In this case, 47 applicants complained about the conditions of their detention. It is noted that the appeals brought by applicants 3, 5, 16, 23, 25, 26, 31, 35 and 39 were rejected due to the non-exhaustion of national remedies, and the case brought by the thirty-fifth appellant was withdrawn by the applicant.
Regarding the remaining cases, the ECtHR accepted the applicants’ claim that the prison in Patras that they were detained in was overcrowded and operating beyond its capacity and there was therefore a manifest lack of personal space, in violation of Article 3.
In this case 3 applicants complained about the conditions of their detention in Domokos prison (see their allegations in paras. 10-17) and about the absence of a real and effective remedy that would allow them to complain about these conditions. The case brought by the third appellant was withdrawn by the applicant.
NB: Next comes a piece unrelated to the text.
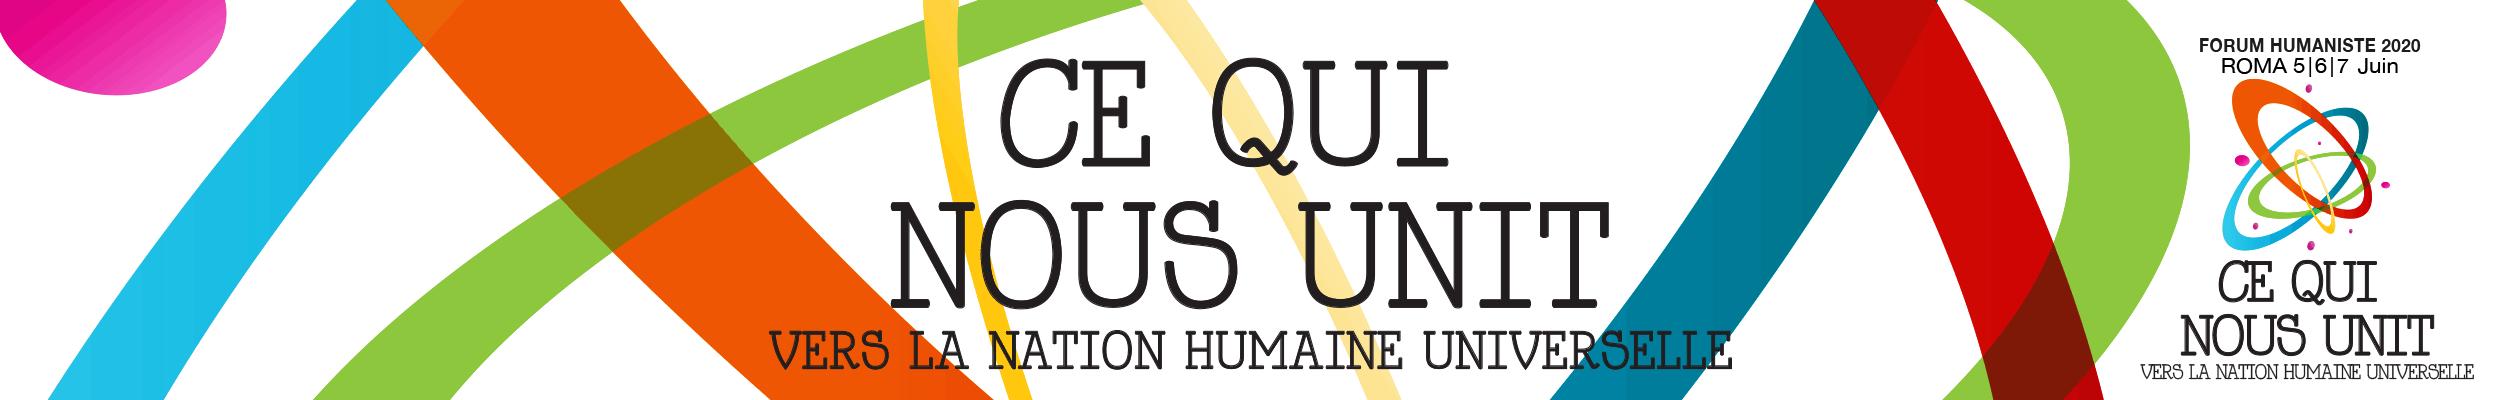 Forum Humaniste

The ECtHR concluded that there was no violation of Article 3 of the ECHR for the remaining two applicants (see paras. 53-59), but finding no reason to deviate from jurisprudence on the issue of Article 13 of the ECHR, found a violation of the said article due to the lack of an effective remedy to complain about detention conditions.
In this case the applicant complained about the conditions of his detention in Diavata prison and about the absence of a real and effective recourse under national law that would allow him to complain about these conditions.
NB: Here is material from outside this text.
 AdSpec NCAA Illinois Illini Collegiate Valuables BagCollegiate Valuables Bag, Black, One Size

The ECtHR found a violation of Article 3 due to the conditions described in Diavata prison (overcrowding, lack of adequate heating and cleanliness, etc.), and finding no reason to deviate from jurisprudence also found that there had been a violation of Article 13 of the ECHR.
In this case the applicants complained about the conditions of their detention in the prison of Corfu and about the absence of a real and effective recourse under national law allowing them to complain about these conditions.
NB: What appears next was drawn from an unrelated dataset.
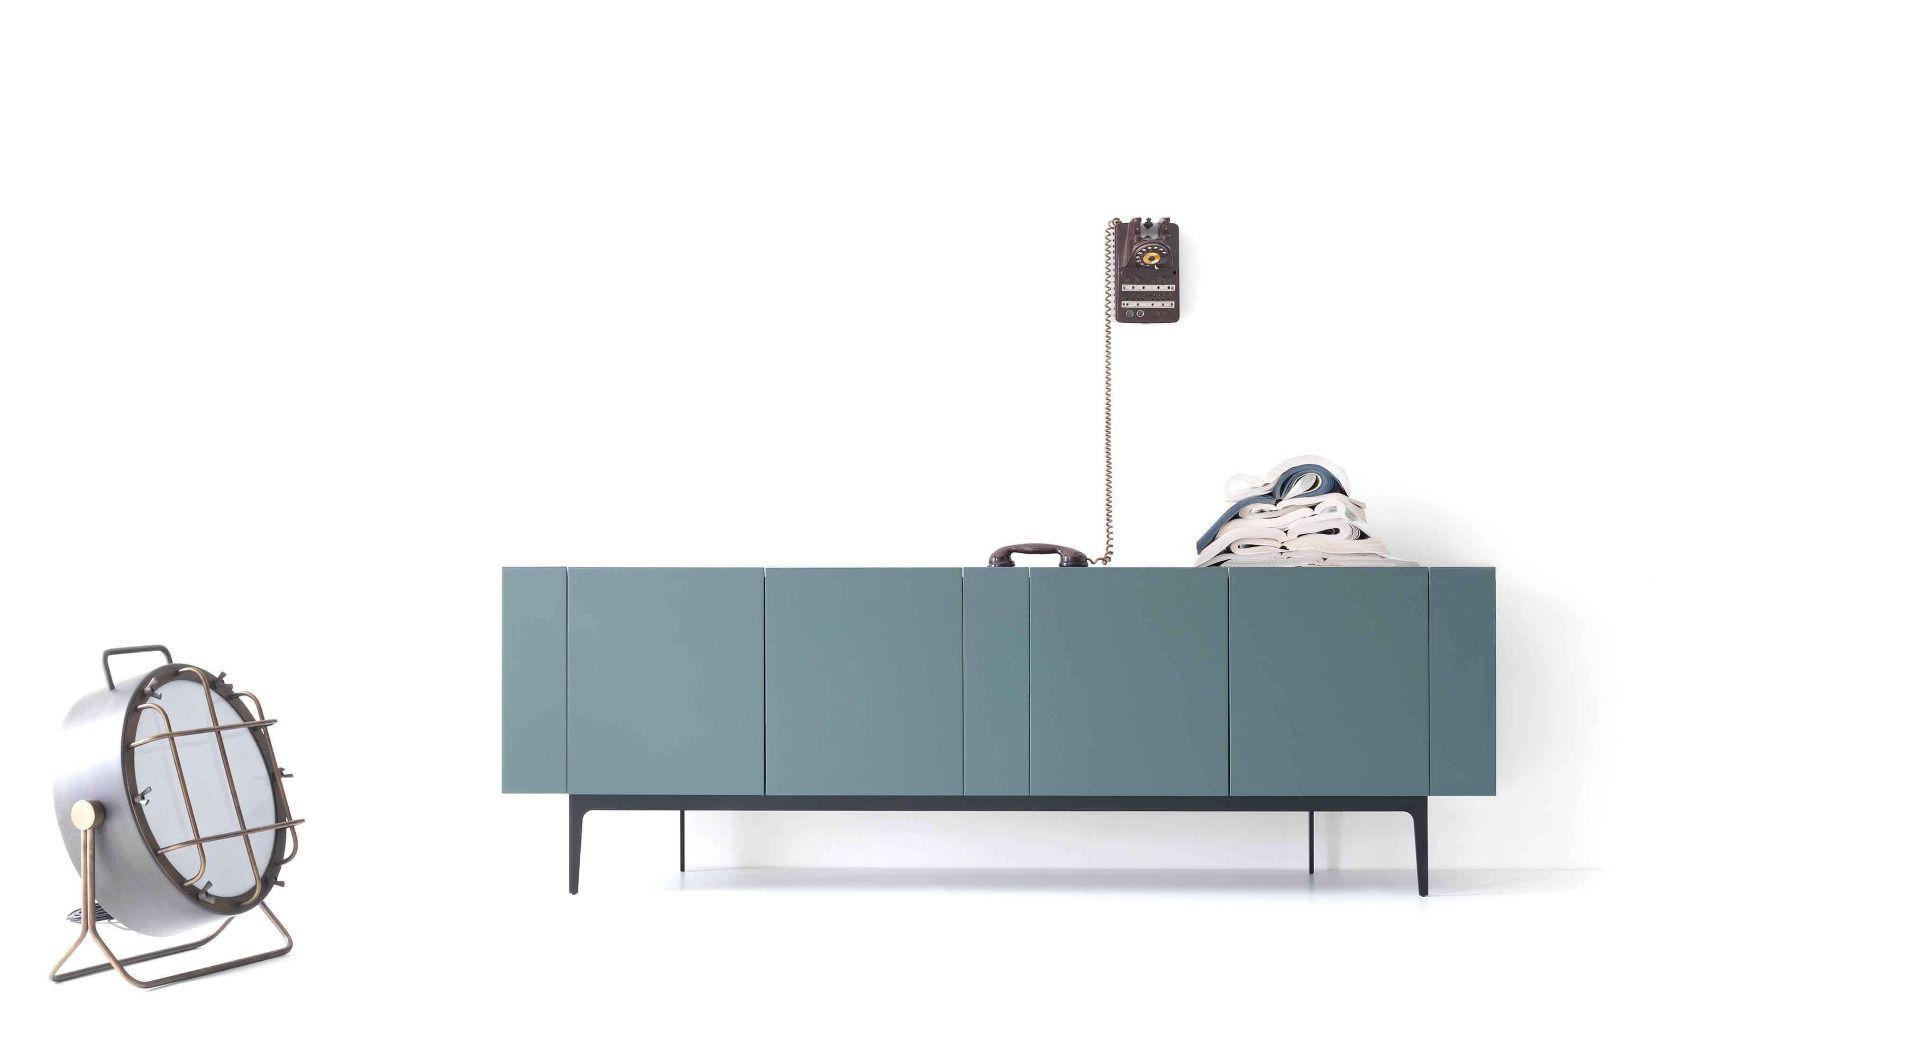 Rainbow Madia Con Ante Laccate Colorate Lema Sideboard Hochwertige Möbel Hersteller

The ECtHR found that there had been a violation of Article 3 of the ECHR for 12 applicants due to a personal space per prisoner smaller than 3 sq.m. In addition, finding no reason to deviate from its established jurisprudence, the court also found that there had been a violation of Article 13 of the ECHR for all (22) applicants.
In this case the applicants complained about the conditions of their detention in the prisons of Patras and Diavata as well as about the absence of a real and effective recourse under national law that would allow them to complain about these conditions.
With regard to the 1st applicant, the ECtHR ruled that there had been a violation of Article 3 due to the general conditions of detention prevailing in Diavata and Patras prisons and in particular due to overcrowding. The ECtHR also found a violation of Article 3 for the 2nd applicant, stating that the conditions of her detention (as described in par. 10-17 and 61-66 of the decision) combined with the duration of her confinement, subjected her to an ordeal that exceeded the unavoidable level of suffering inherent in detention. In addition, the ECtHR, finding no reason to depart from its established jurisprudence, concluded that there had been a violation of Article 13 for both applicants.
In this case the applicant complained about the conditions of his detention in Diavata prison and about the absence of a real and effective remedy under national law allowing him to complain about those conditions.
The ECtHR concluded that the conditions of his detention constituted inhuman and degrading treatment and therefore found a violation of Article 3 of the ECHR, as well as a violation of Article 13 of the ECHR due to the absence of a real and effective recourse under national law that would allow him to complain about these conditions.